Today, Fidel Castro is scheduled to visit the Rainbow Warrior boat of the ecologist group, Green Peace. This boat has anchored at Bridgetown port with an onboard fair on sustainable technology in environment preservation.
Bridgetown, capital and main port of the Barbados islands, with a little more than 20,000 inhabitants, has just been the place of one of the most important meetings this year for the not very much publicized alliance of small island states.
The first Global Conference on Sustainable Development of Small Island States, which concluded its sessions yesterday, approved its plan of action and the Barbados declaration as the guide for sustainable development of the smallest islands.

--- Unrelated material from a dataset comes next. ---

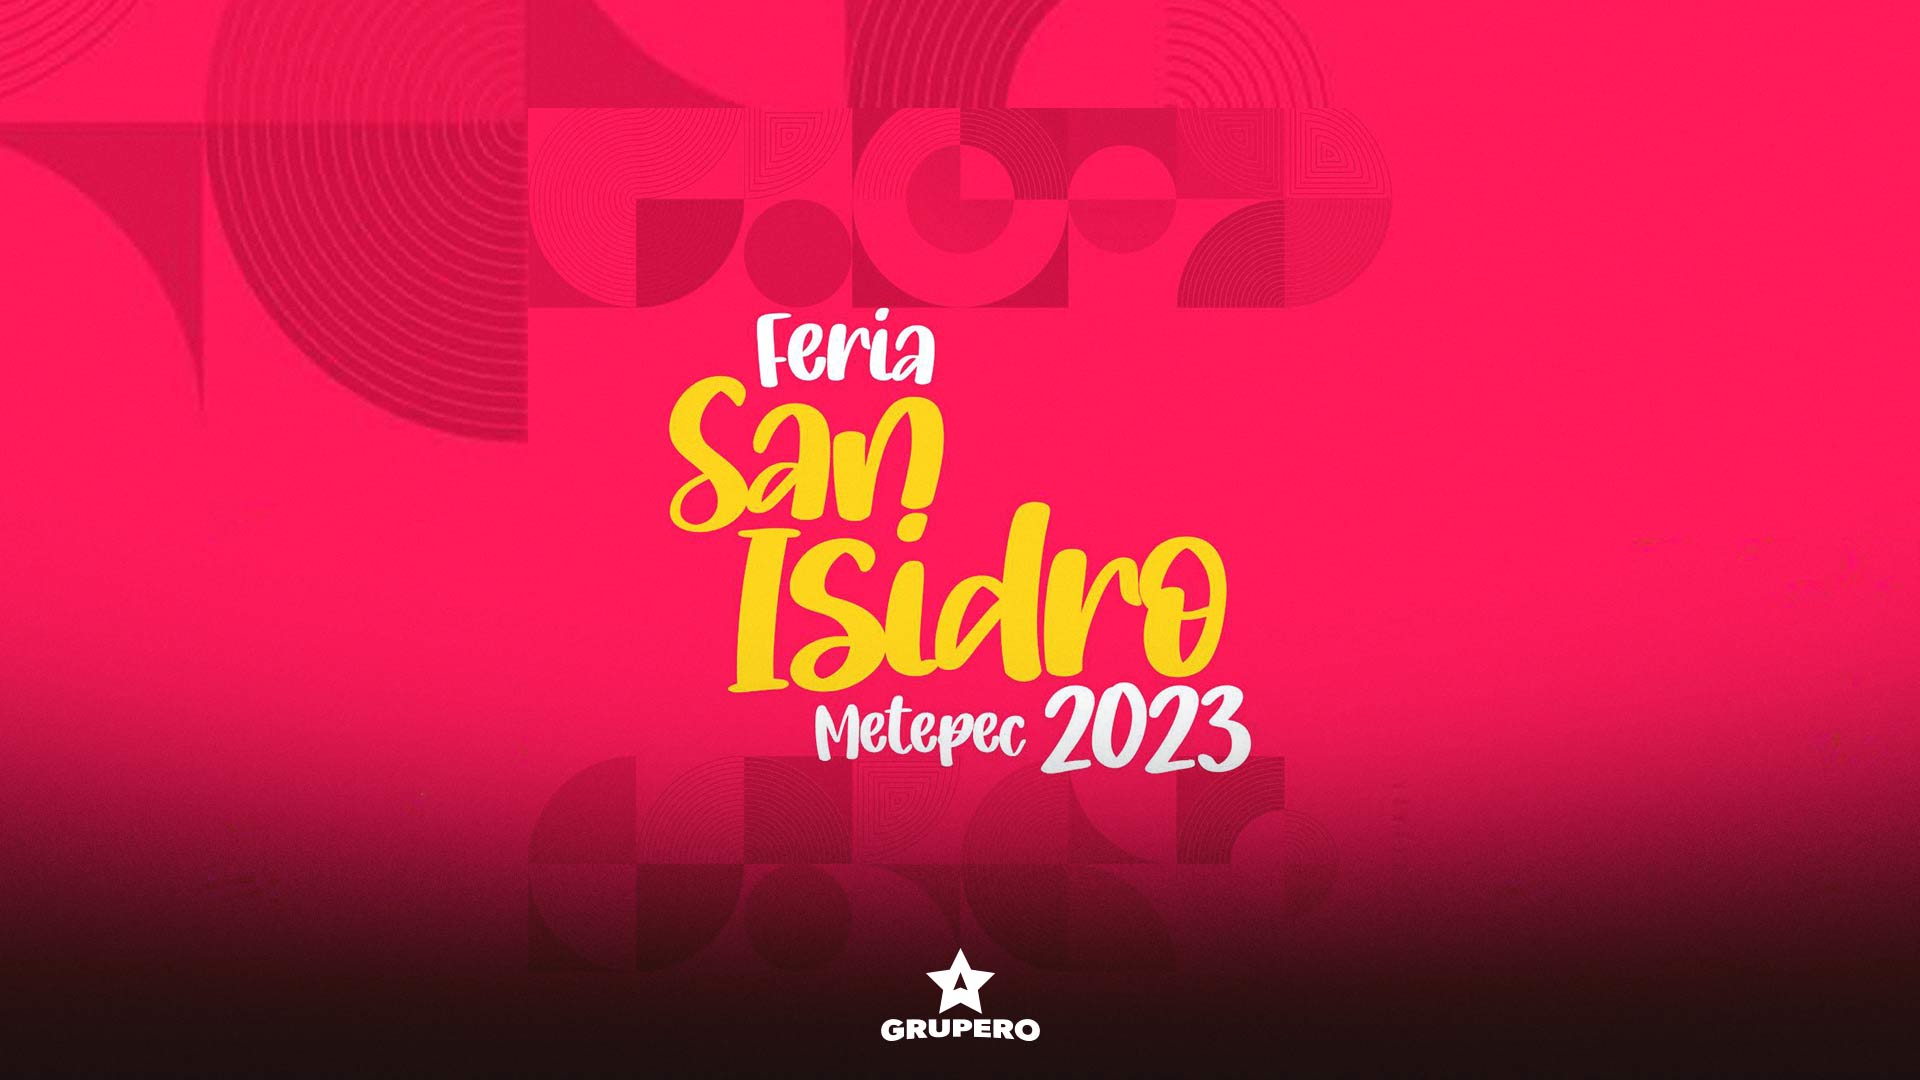 Feria San Isidro Metepec 2023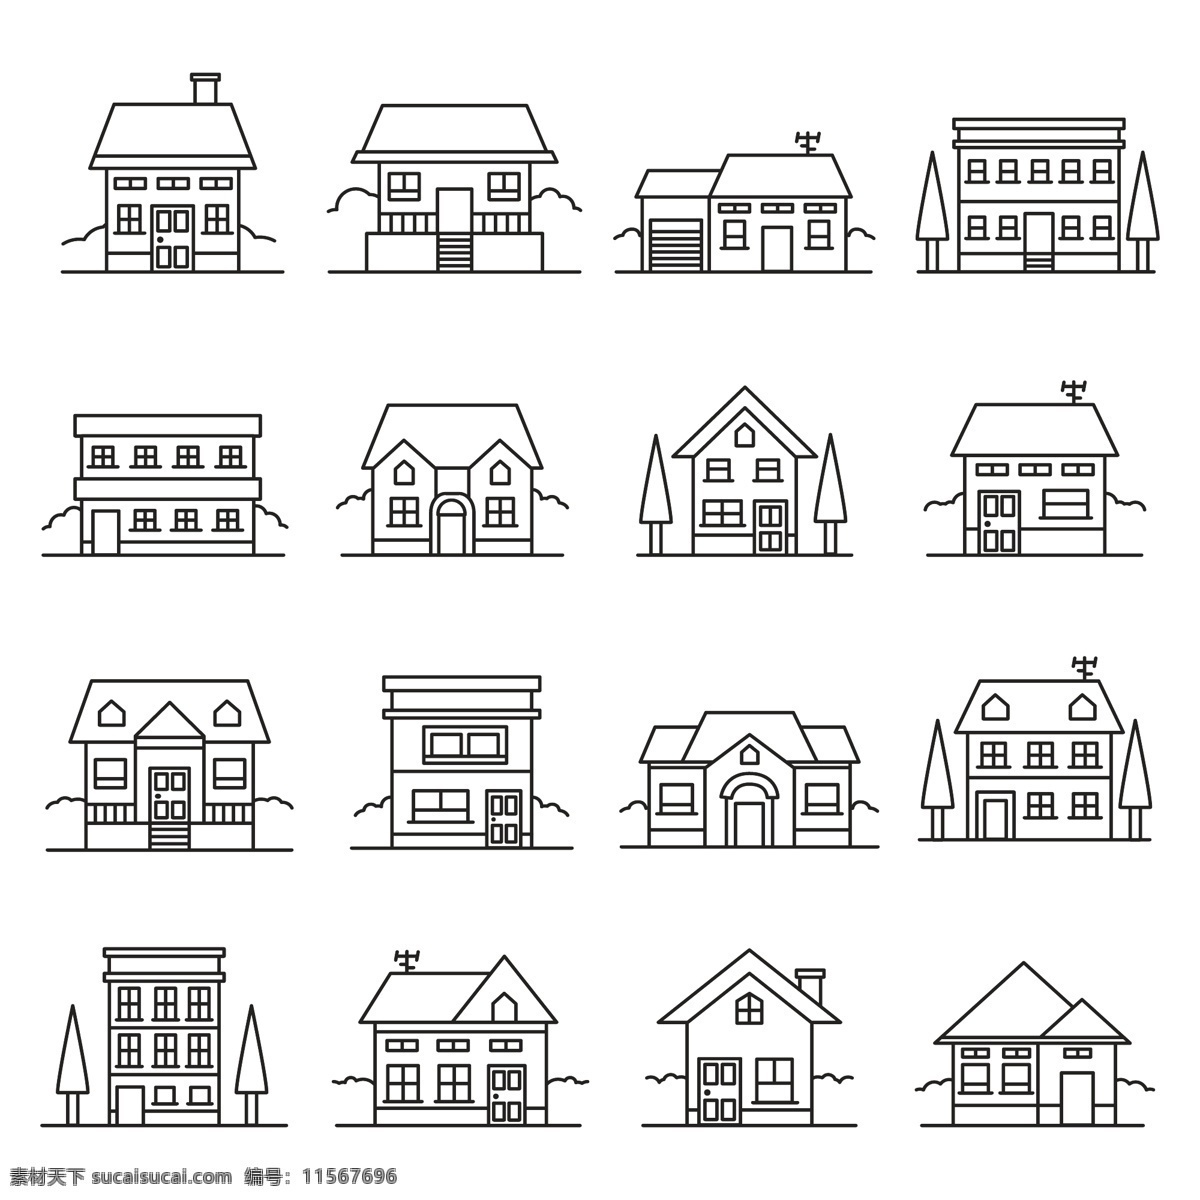 款 创意 细 线条 建筑设计 矢量图 手绘 建筑 房子 别墅 插画 黑白

But can there be sustainable development in one single part of the world, and development in all other countries? And can there be such development in extremely wealthy societies which believe that only by growing will they survive, and which can grow only at the cost of all its natural resources? Why do they need more wealth? President Fidel Castro referred to these questions in the speech he delivered at the conference held at the (Cherbrum Center) in Bridgetown.
From the very beginning, Fidel said the poor and the small countries always try to know how are we going to survive in the next decades, while the powerful nations discuss ways for a new distribution in the world. For the super developed societies, the problem is not to grow but to distribute, and not only to distribute among themselves but to distribute among all.
The Cuban president then said that sustainable development is impossible without a more just distribution among all nations. Whether we want it or not, today, mankind is a single family, and we will all have the same fate. We must use less deceitful words and change the current philosophy because this selfish philosophy has only served to cause the catastrophies we are suffering today and the worse ones we will suffer in the future.
Shortly after the Cuban president's speech, Barbadian Foreign Minister Branford Taitt told Cuban Foreign Minister Roberto Robaina during a bilateral meeting that no foreign pressure can prevent the Caribbean community from taking the necessary steps to reinstate Cuba into the economic mechanisms of the Caribbean Community and into the future Association of Caribbean States.
He also said that Fidel Castro's speech to the plenary session of the conference was brilliant. He added that his presence in Bridgetown has enhanced the conference and has helped to establish fundamental elements in the strategies for sustainable development of small islands.
Expressions of solidarity were also conveyed to Roberto Robaina during bilateral meetings. Robaina said: We hope and wish that ties will be strengthened between Cuba and the rest of the Caribbean islands, and we can cooperate to help Cuba overcome its current problems.